Synopsys
At HAProxy Technologies, we do provide professional services around HAPRoxy: this includes HAProxy itself, of course, but as well as the underlying OS tuning, advice and recommendation about the architecture and sometimes we can also help customers troubleshoot application layer issues.
We don’t fix issues for the customer, but using the information provided by HAProxy, we are able to reduce the investigation area, saving customers time and money.
The story I’m relating today is an issue of one of these PS.
One of our customers is a hosting company that hosts some very busy PHP / MySQL websites. They used successfully HAProxy in front of their application servers.
They used to have a single MySQL server which was some kind of SPOF and which had to handle several thousand requests per second.
Sometimes, they had issues with this DB: it was like the clients (hence the Web servers) can’t hang when using the DB.
So they decided to use MySQL replication and build an active/passive cluster. They also decided to split reads (SELECT queries) and writes (DELETE, INSERT, UPDATE queries) at the application level.
Then they were able to move the MySQL servers behind HAProxy.
Enough for the introduction 🙂 Today’s article will discuss HAProxy and MySQL at high request rates, and an error some of you may already have encountered: TCP source port exhaustion (the famous high number of sockets in TIME_WAIT).
Diagram
So basically, we have here a standard web platform that involves HAProxy to load-balance MySQL:
The MySQL Master server is used to send WRITE requests and the READ request is “weighted-ly” load-balanced (the slaves have a higher weight than the master) against all the MySQL servers.
MySql Scalability
One way of scaling MySQL, is to use the replication method: one MySQL server is designed as master and must manage all the write operations (DELETE, INSERT, UPDATE, etc…). for each operation, it notifies all the MySQL slave servers. We can use slaves for reading only, offloading these types of requests from the master.
The replication method allows scalability of the reading part, so if your application requires much more writes, then this is not the method for you.
Of course, one MySQL slave server can be designed as a master when the master fails! This also ensures MySQL high-availability.
So, Where Is the Problem ???
This type of platform works very well for the majority of websites. The problem occurs when you start having a high rate of requests. By high, I mean several thousand per second.

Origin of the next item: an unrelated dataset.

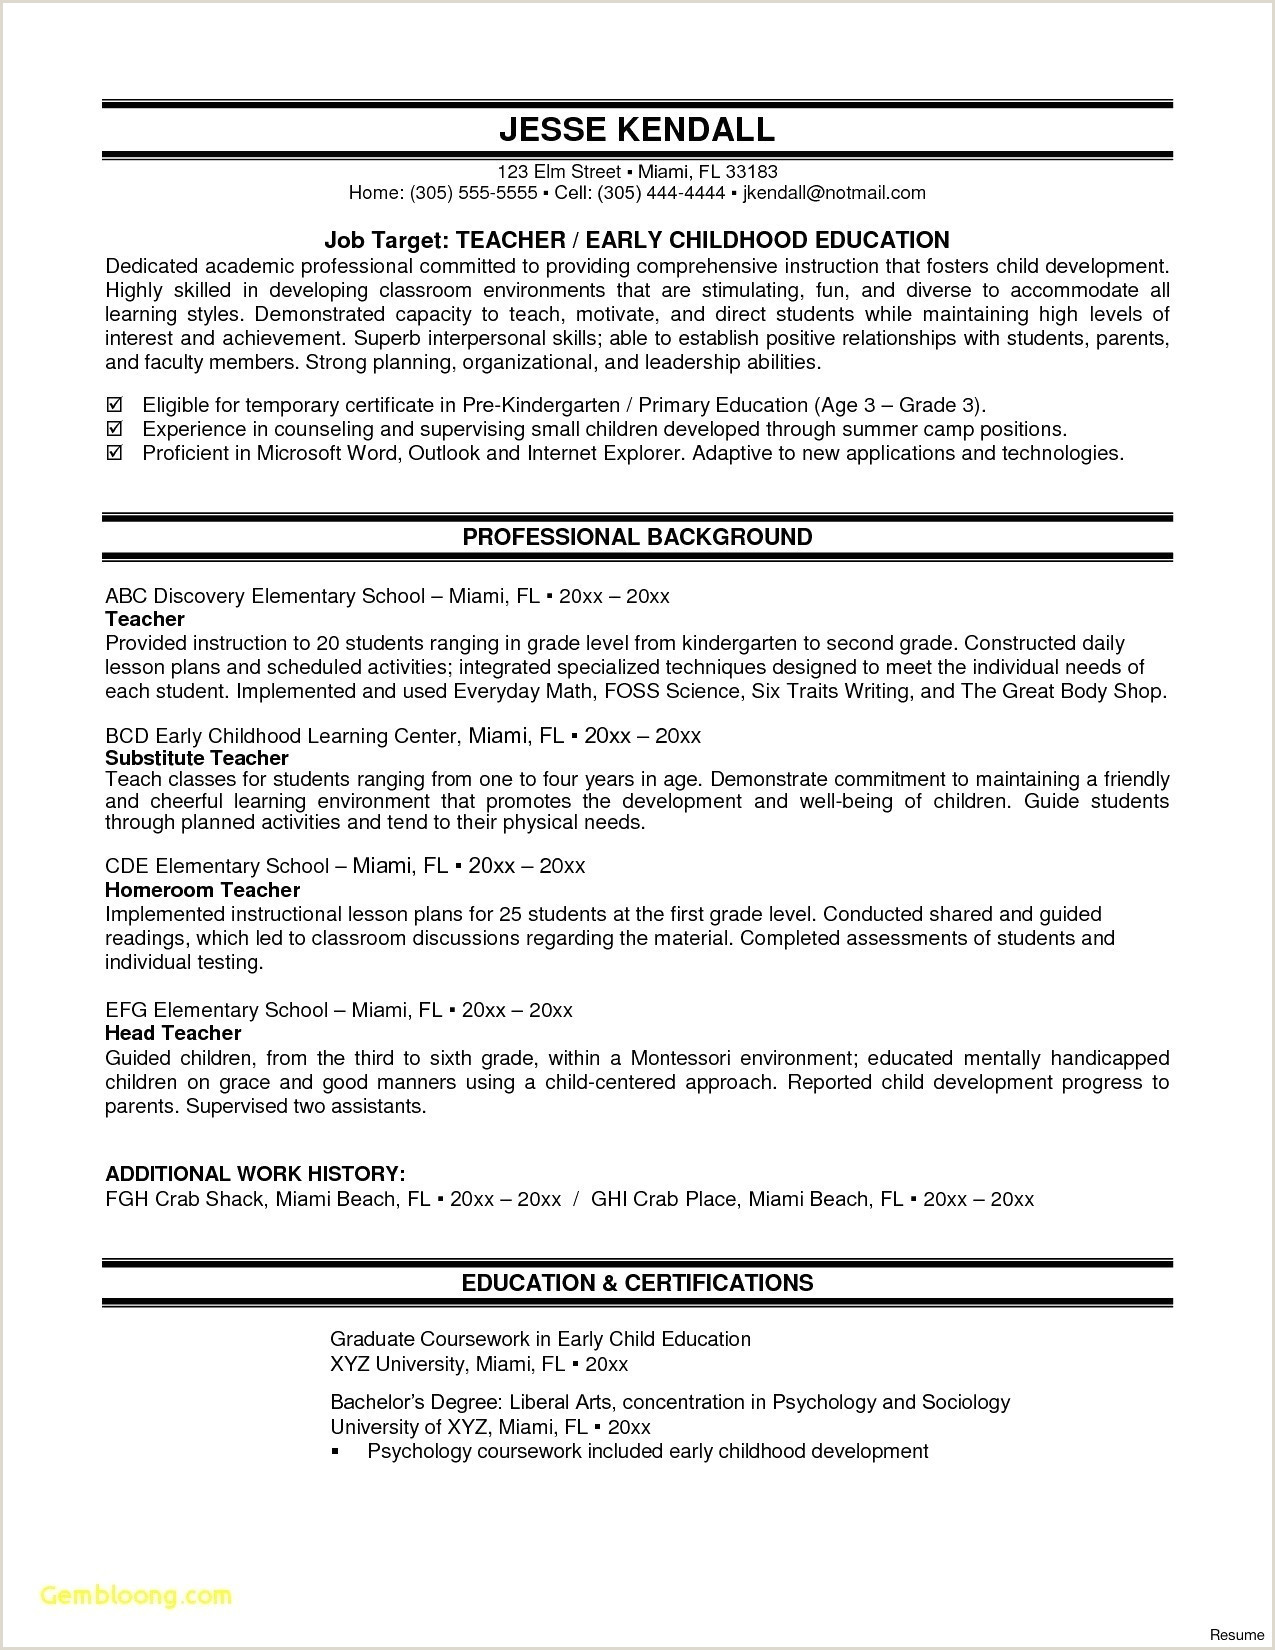 Sample Resume For Teacher Fresh Graduate New Awesome Cover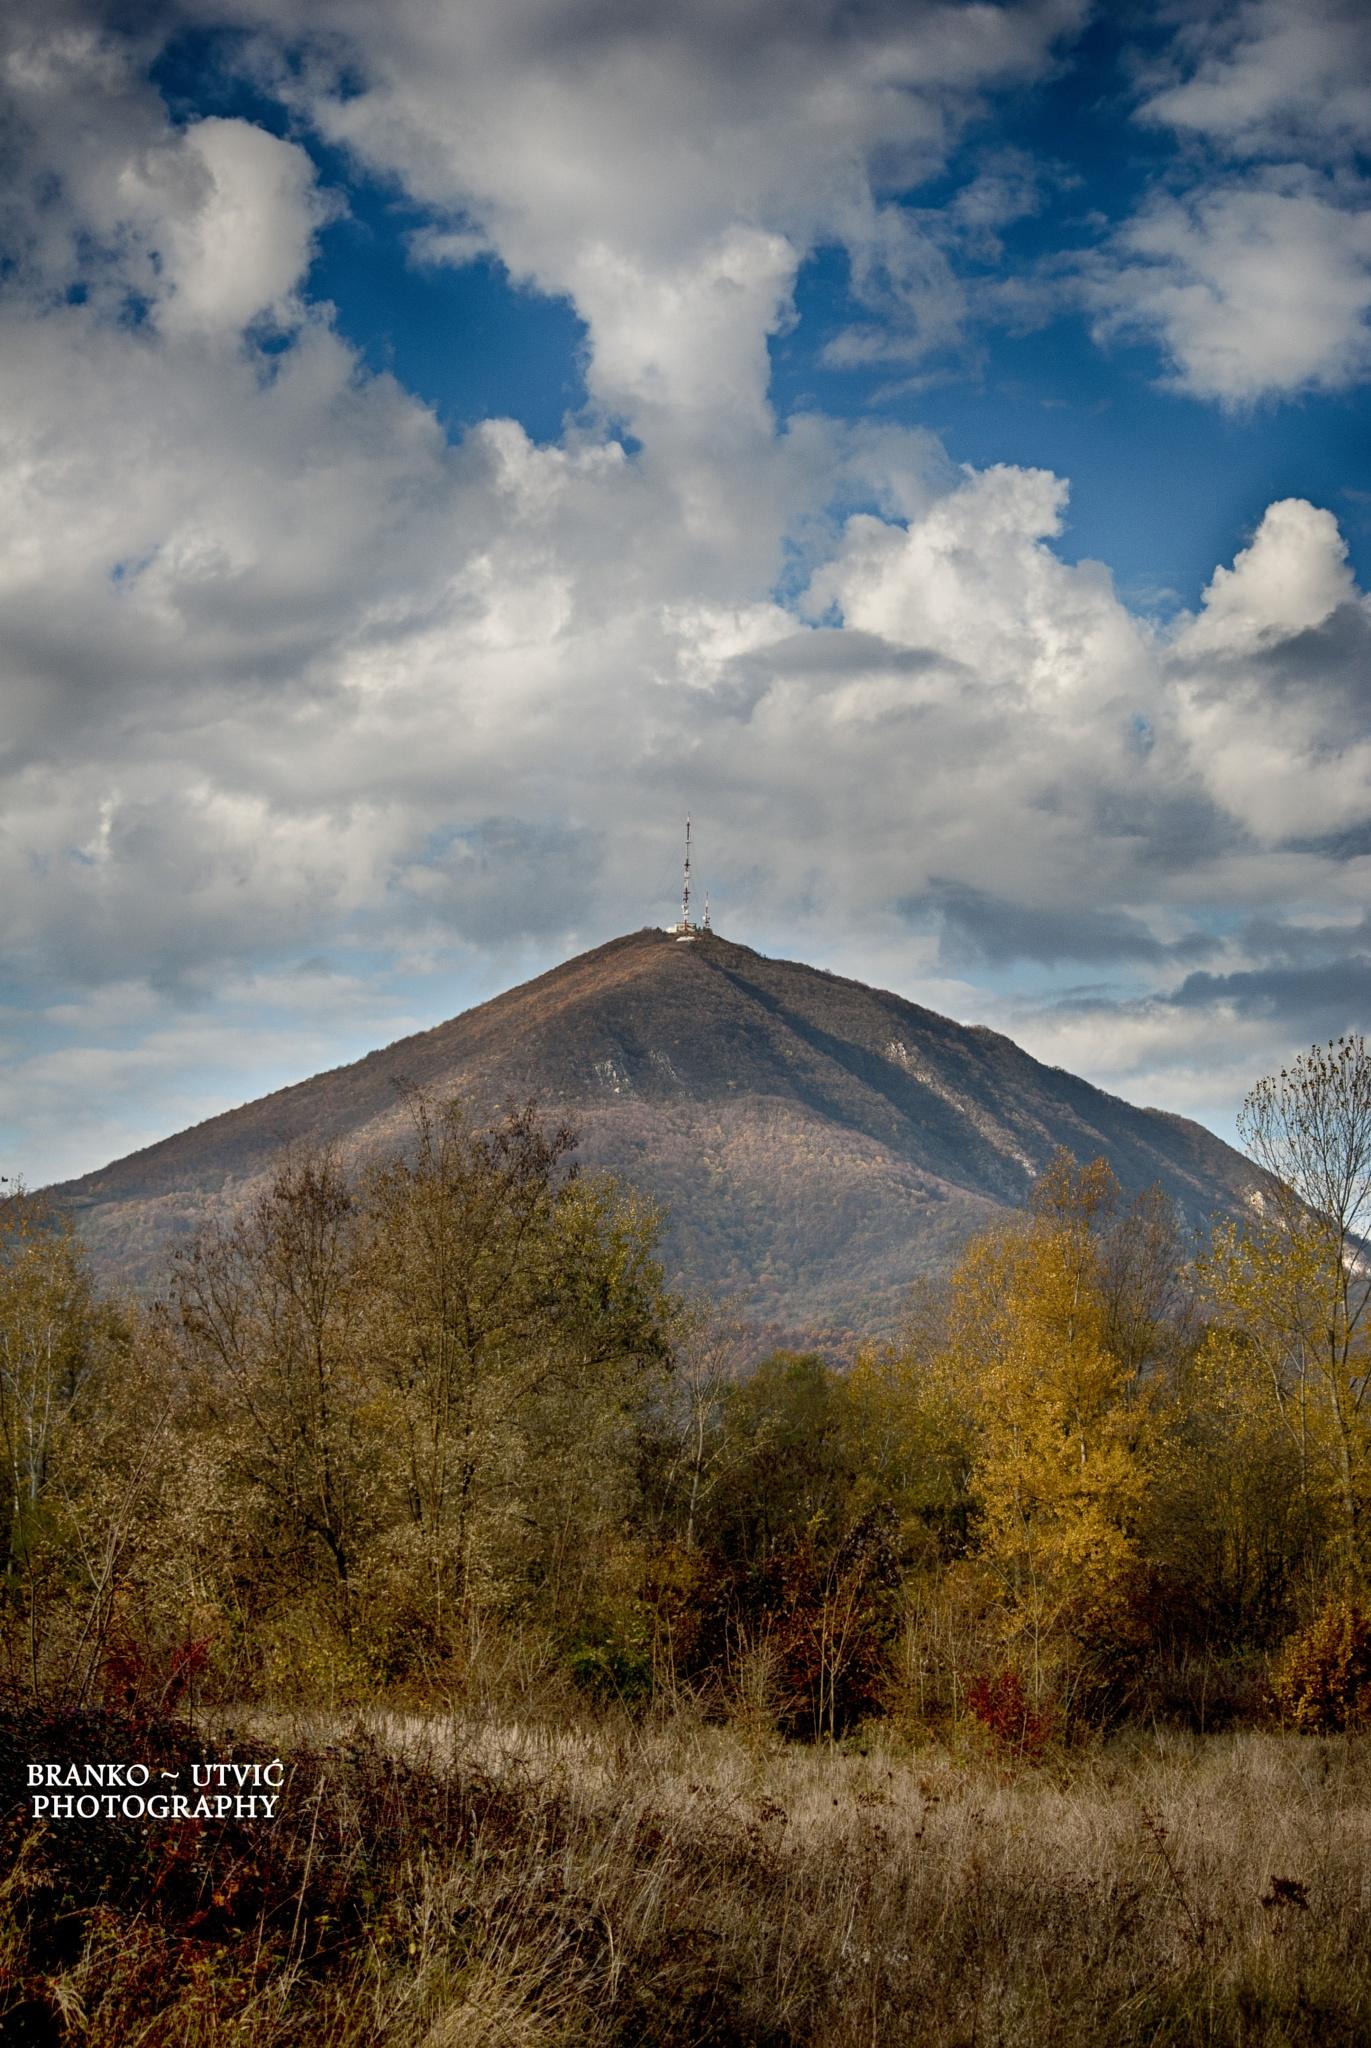 Mountain Ovcar by branko.utvic

TCP source port exhaustion
HAProxy works as a reverse-proxy and so uses its own IP address to get connected to the server.
Any system has around 64K TCP source ports available to get connected to a remote IP:port. Once a combination of “source IP:port => dst IP:port” is in use, it can’t be re-used.
First lesson: you can’t have more than 64K opened connections from a HAProxy box to a single remote IP:port couple. I think only people load-balancing MS Exchange RPC services or SharePoint with NTLM may one day reach this limit…
(well, it is possible to workaround this limit using some hacks we’ll explain later in this article)
Why does TCP port exhaustion occur with MySQL clients???
As I said, the MySQL request rate was a few thousands per second, so we never ever reach this limit of 64K simultaneous opened connections to the remote service…
What’s up then???
Well, there is an issue with MySQL client library: when a client sends its “QUIT” sequence, it performs a few internal operations before immediately shutting down the TCP connection, without waiting for the server to do it. A basic tcpdump will show it to you easily.
Note that you won’t be able to reproduce this issue on a loopback interface, because the server answers fast enough… You must use a LAN connection and 2 different servers.
Basically, here is the sequence currently performed by a MySQL client:
Mysql Client ==> "QUIT" sequence ==> Mysql Server
Mysql Client ==> FIN ==> MySQL Server
Mysql Client <== FIN ACK <== MySQL Server
Mysql Client ==> ACK ==> MySQL Server
This leads the client connection to remain unavailable for twice the MSL (Maximum Segment Life) time, which means 2 minutes.
This type of close has no negative impact when the connection is made over a UNIX socket.
Explication of the issue (much better than I could explain it myself):
“There is no way for the person who sent the first FIN to get an ACK back for that last ACK. You might want to reread that now. The person that initially closed the connection enters the TIME_WAIT state; in case the other person didn’t really get the ACK and thinks the connection is still open. Typically, this lasts one to two minutes.” (Source)
Since the source port is unavailable for the system for 2 minutes, this means that over 534 MySQL requests per second you’re in danger of TCP source port exhaustion: 64000 (available ports) / 120 (number of seconds in 2 minutes) = 533.333.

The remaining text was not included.